**AIM OF THE TASK:**
Throughout the records below, find each line holding "Formula" and copy it.

(DATA FOR THIS EXERCISE begins)

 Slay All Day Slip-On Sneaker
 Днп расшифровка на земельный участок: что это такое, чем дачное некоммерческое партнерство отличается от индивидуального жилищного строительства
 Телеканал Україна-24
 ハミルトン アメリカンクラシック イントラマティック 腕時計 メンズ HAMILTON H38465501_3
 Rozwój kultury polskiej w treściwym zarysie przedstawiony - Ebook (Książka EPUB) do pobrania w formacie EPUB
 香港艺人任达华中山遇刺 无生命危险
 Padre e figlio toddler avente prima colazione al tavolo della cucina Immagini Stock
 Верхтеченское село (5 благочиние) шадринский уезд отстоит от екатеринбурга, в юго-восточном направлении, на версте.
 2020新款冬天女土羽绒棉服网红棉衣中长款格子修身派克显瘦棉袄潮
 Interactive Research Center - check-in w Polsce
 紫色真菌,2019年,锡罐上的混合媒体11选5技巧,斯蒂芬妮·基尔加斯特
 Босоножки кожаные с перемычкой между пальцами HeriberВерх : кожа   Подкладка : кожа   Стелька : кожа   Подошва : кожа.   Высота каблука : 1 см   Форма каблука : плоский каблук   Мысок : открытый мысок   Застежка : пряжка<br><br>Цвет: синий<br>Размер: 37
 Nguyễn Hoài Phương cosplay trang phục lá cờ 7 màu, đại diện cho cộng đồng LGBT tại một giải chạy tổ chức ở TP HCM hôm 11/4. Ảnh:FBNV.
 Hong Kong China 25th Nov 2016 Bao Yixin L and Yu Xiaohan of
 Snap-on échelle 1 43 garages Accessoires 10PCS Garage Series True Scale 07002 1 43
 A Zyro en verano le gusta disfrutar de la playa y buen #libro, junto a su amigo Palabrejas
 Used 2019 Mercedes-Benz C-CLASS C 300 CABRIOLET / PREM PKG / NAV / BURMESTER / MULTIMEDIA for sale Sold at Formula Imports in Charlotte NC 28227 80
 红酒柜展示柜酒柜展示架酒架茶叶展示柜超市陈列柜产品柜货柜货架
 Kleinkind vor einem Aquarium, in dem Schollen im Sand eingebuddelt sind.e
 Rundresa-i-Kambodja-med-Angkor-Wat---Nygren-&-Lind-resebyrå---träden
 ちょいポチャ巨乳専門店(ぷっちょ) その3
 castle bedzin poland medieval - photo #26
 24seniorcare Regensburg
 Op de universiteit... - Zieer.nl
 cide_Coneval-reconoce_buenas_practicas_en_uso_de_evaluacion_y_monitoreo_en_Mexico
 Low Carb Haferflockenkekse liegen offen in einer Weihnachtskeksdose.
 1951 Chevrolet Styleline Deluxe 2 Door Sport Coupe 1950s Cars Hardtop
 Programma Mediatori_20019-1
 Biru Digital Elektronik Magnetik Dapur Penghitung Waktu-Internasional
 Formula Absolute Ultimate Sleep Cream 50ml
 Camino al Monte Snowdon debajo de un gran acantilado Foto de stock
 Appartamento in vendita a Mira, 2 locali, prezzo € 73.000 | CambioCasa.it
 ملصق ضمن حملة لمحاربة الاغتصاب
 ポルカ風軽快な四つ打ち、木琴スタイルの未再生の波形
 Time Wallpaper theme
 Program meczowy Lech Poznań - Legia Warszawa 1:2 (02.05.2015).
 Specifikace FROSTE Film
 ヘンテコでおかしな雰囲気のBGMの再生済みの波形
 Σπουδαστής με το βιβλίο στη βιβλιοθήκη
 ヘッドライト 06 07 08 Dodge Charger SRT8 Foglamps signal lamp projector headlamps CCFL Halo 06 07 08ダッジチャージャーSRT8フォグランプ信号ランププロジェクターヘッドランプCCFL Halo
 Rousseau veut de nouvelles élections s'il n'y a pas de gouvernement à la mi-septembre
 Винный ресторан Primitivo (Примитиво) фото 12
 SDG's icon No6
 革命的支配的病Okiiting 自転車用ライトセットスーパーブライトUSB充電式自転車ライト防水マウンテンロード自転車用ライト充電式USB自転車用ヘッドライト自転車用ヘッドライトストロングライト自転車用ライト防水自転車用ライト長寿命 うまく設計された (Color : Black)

(DATA FOR THIS EXERCISE ends)

**REPLY:**
 Used 2019 Mercedes-Benz C-CLASS C 300 CABRIOLET / PREM PKG / NAV / BURMESTER / MULTIMEDIA for sale Sold at Formula Imports in Charlotte NC 28227 80
 Formula Absolute Ultimate Sleep Cream 50ml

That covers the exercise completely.